State says boulder
was from private lot
A Nuuanu neighbor
assesses the hazard
after his family's loss
News that a large boulder clipped a Nuuanu family's home this week triggered heart-wrenching memories for a neighbor whose daughter was killed by a falling rock two years ago.
Patrick Onishi lives about a block away from where the boulder hit Bert and Rose Hamakado's Henry Street home on Monday afternoon.
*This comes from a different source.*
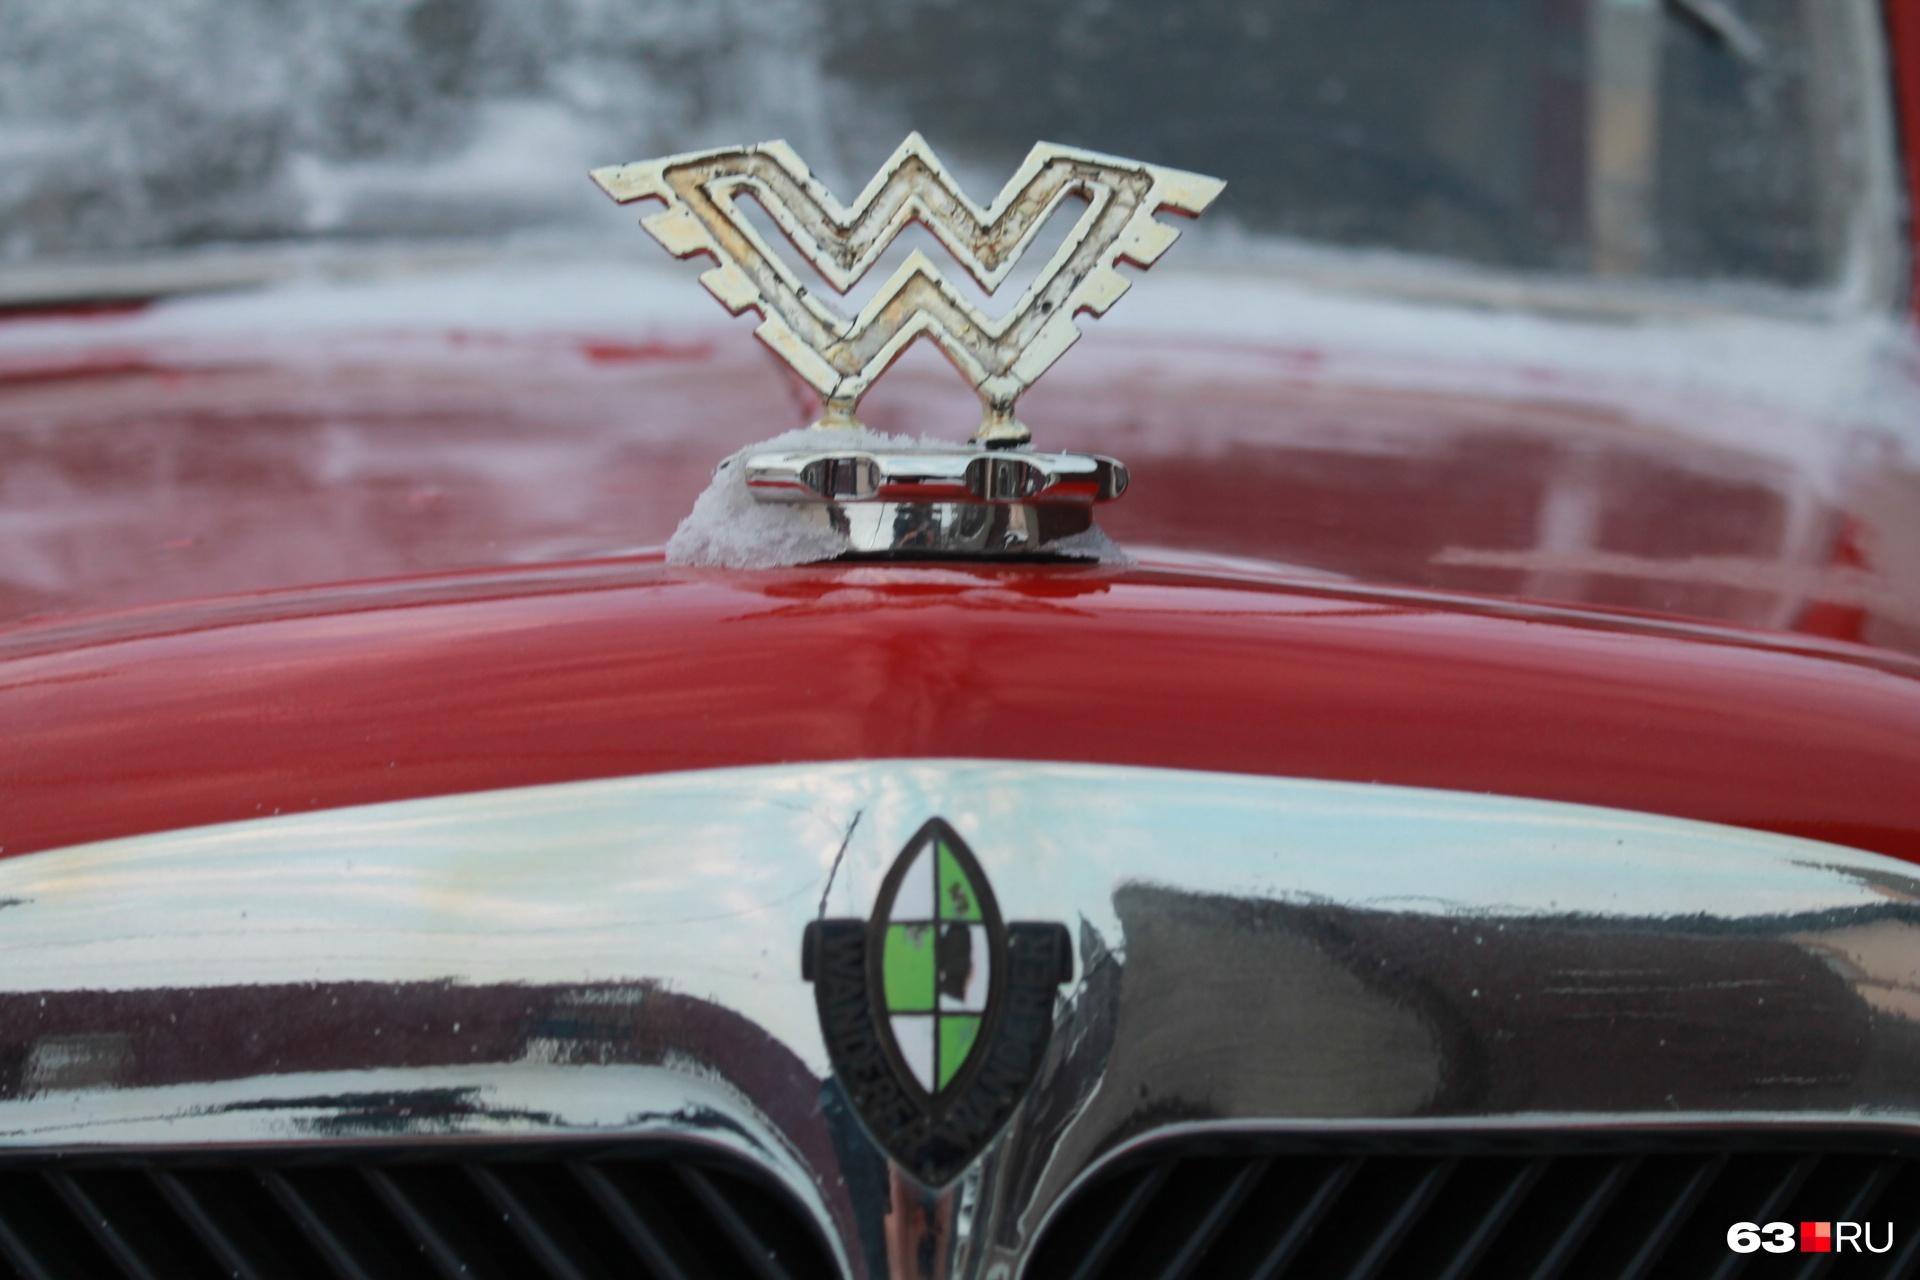 Фирменный знак немецкого автопроизводителя

Onishi's daughter Dara, 26, was killed on Aug. 9, 2002, when a boulder smashed through the family home and crushed her while she was sleeping.
"I felt like I had rubber legs," Onishi said yesterday. "Anytime something like this happens, it just triggers all kinds of emotions."
Monday's boulder narrowly missed the head of Rose Hamakado as it went sailing through the air, smashed into the corner of the couple's master bedroom, and crushed a concrete bench.
Although police had said the state would be sending a geologist to assess the situation, personnel from the Department of Land and Natural Resources said yesterday that it was not its responsibility because the land from which the boulder came was privately owned.
"We sympathize with the homeowner who had this experience, and who, fortunately, escaped unharmed," said Peter Young, DLNR director. "As with other instances where rocks have fallen from slopes, it is the landowner's responsibility to take necessary actions."
DLNR officials said the land above the Hamakado's home at 1745 A Henry St., is a 17.67-acre parcel owned by various private individuals.
Some Henry Street residents have built their own barriers to protect their property since the 2002 rock fall.
"I think everybody has to take action," said Hamakado's neighbor, Donald Chun.
After Onishi's death, he built a 4- 1/2-foot guardrail with 3-inch pipe filled with concrete and reinforcing steel bars above his 15-foot retaining wall. "If you wait, you might become a statistic."
Onishi has filed a lawsuit against Vance and Hiroko Vaughan of the Vance Vaughan Revocable Trust, an owner of land above Henry Street. As part of the lawsuit, a geological survey of the cliff above Onishi's property was done.
According to the survey by Masa Fujioka & Associates, there is a "boulder cluster which is very loose and may be unsafe" at the top of a 50-foot cliff above the Henry Street homes.
The boulders were affected by a flow of water "from a drainage culvert at the entrance to the Vaughan property," according to the survey.
The survey recommends that "the Onishis move out of their residence until the situation is remedied" and that "the other residents on both sides of the Onishi residence be notified of the hazard."
Onishi said: "I shared this with my neighbors because they're elderly, in their 80s and 90s ... All I could tell them was that there is a peril threatening."
Onishi said he invited the landowners above him to a neighborhood meeting but that the response he received was "it was your survey, you tell your neighbors."
"I started to get upset and angry," he said. "I had hoped that the landowners could at least answer the question about what should be done."
Onishi's lawsuit alleges that the Vaughans "failed to assess the stability of their property for dangerous conditions."
The Vaughans' attorney could not be reached for comment.
Onishi's attorney, Steven Kim, said that according to their geological survey, the boulder that hit the Hamakado's house is likely not from the same property where the Onishis' boulder originated. Even so, Kim said, he believes the basic message to property owners living at the top of ridges to be the same.
"Talk to your neighbors, let them know what's going on," Kim said. "We're not talking about a tree on someone's property dropping leaves, we're talking about boulders dropping."